• **Your instructions**
Lines to restate from the data below: from the one containing "Inclusive Facilitation Guide" to the one containing "Philips SBC HC130", both included. Give them again exactly, and only them.

• **Data shown**
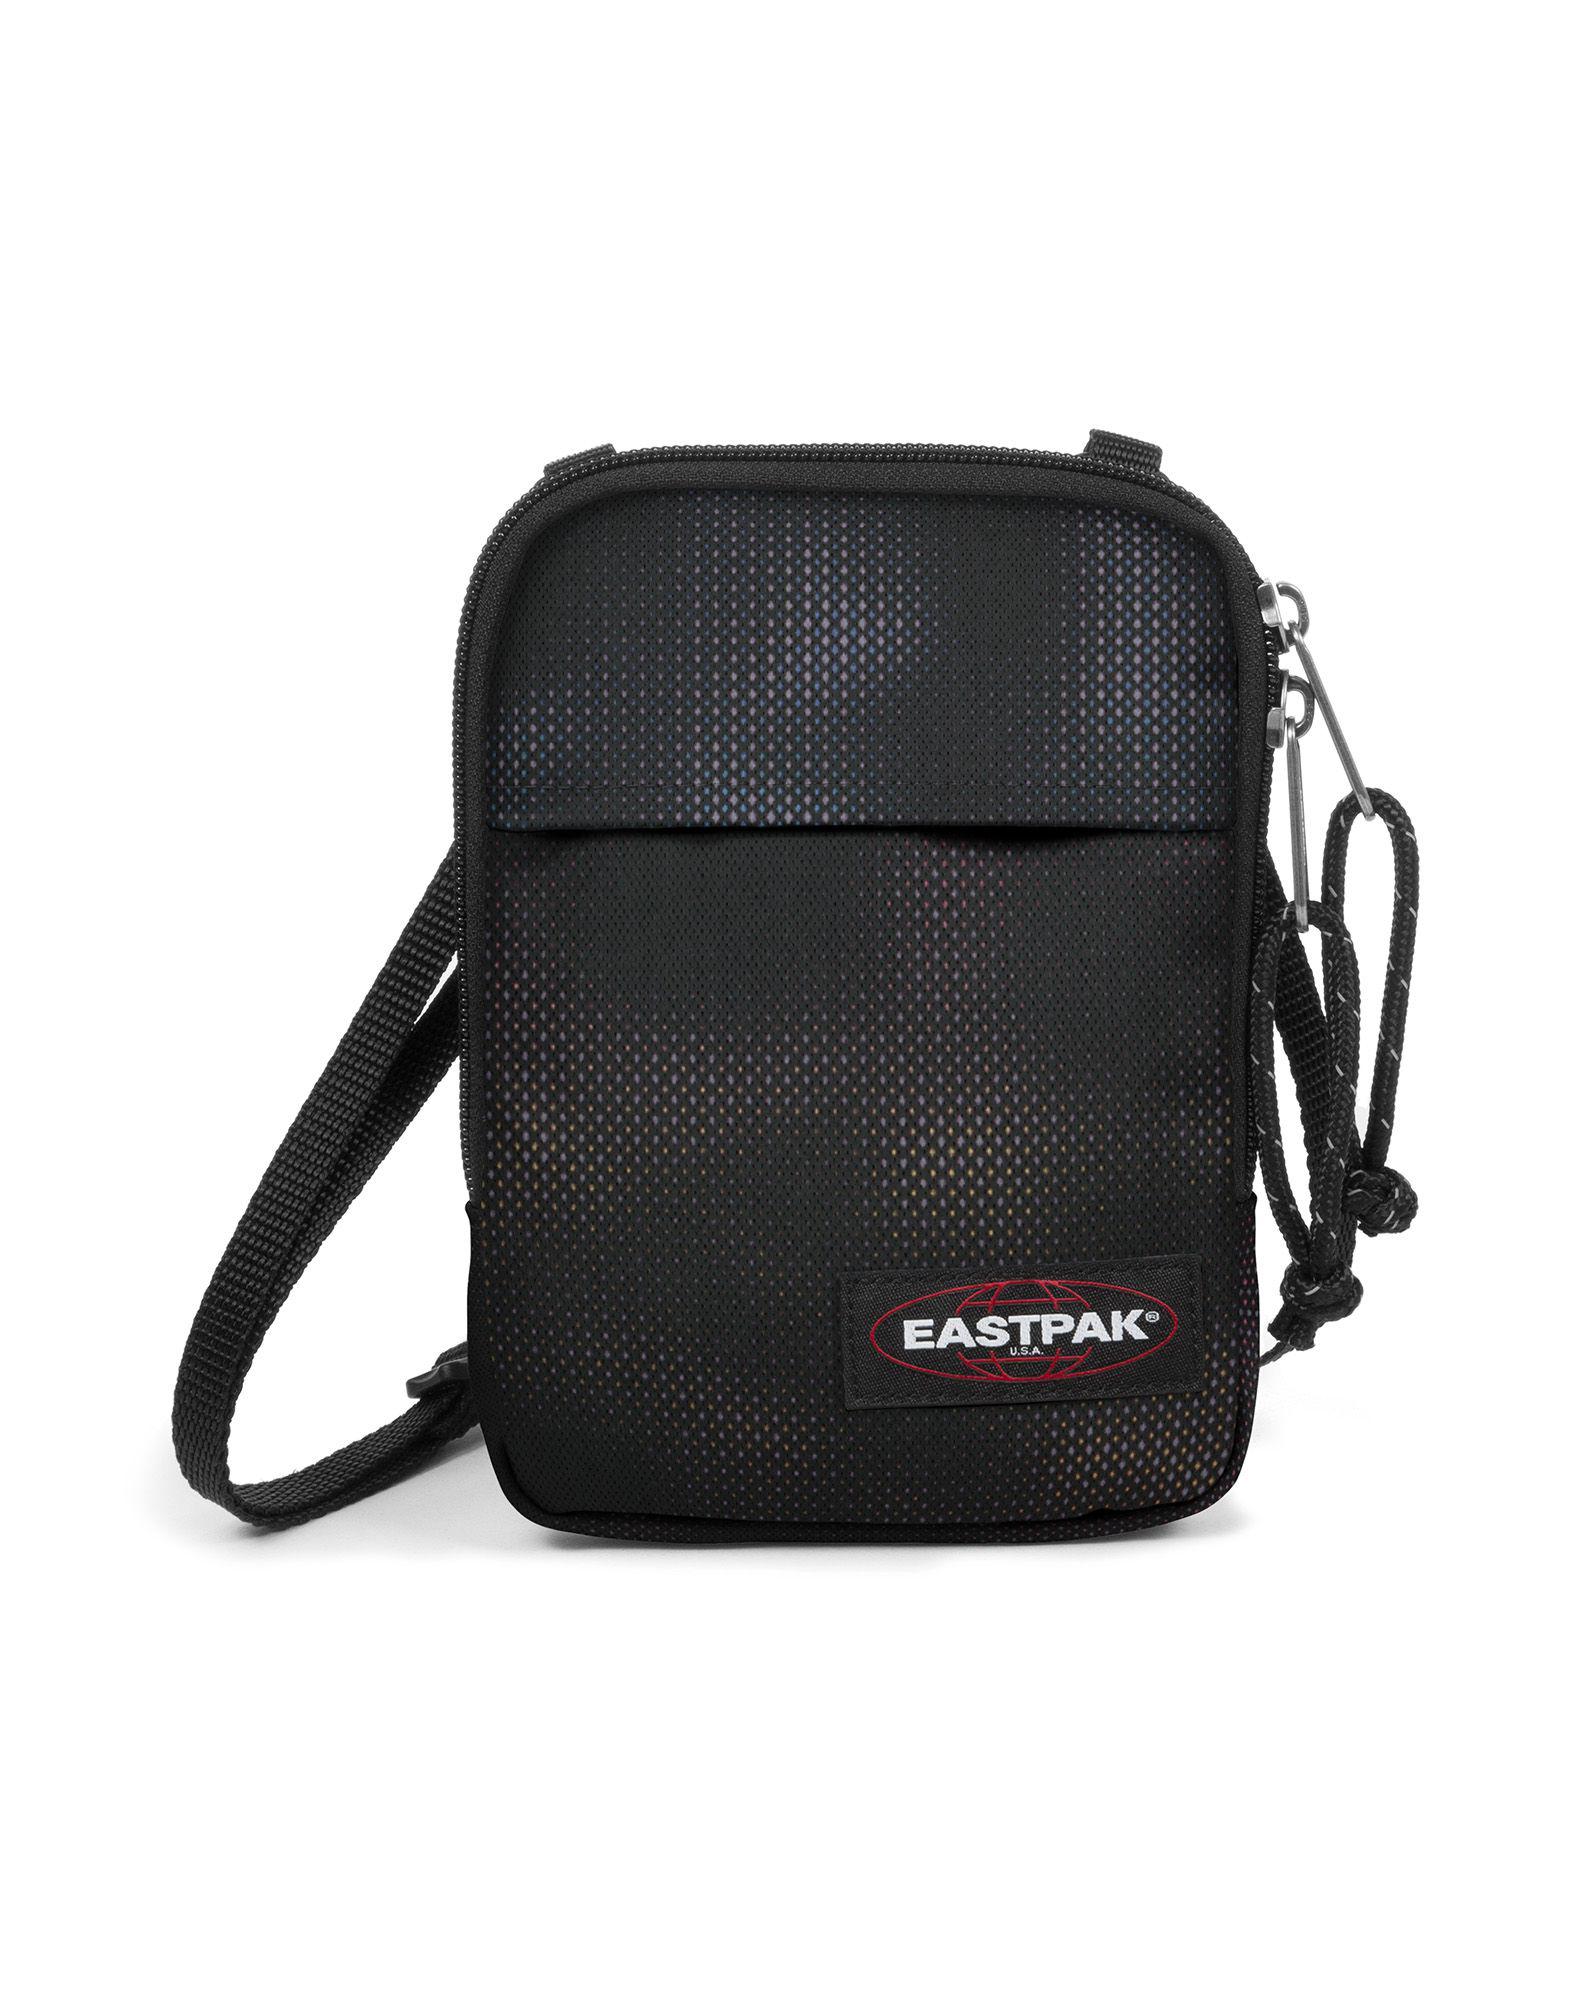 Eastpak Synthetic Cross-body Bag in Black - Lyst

==

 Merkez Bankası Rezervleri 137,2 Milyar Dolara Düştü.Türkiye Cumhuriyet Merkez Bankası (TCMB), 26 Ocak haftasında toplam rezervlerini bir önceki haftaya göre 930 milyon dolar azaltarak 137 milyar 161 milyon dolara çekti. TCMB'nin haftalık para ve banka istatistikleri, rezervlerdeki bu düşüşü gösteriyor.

---

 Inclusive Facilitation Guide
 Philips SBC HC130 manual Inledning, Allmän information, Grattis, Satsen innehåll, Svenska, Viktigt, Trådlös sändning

• **Exercise response**
 Inclusive Facilitation Guide
 Philips SBC HC130 manual Inledning, Allmän information, Grattis, Satsen innehåll, Svenska, Viktigt, Trådlös sändning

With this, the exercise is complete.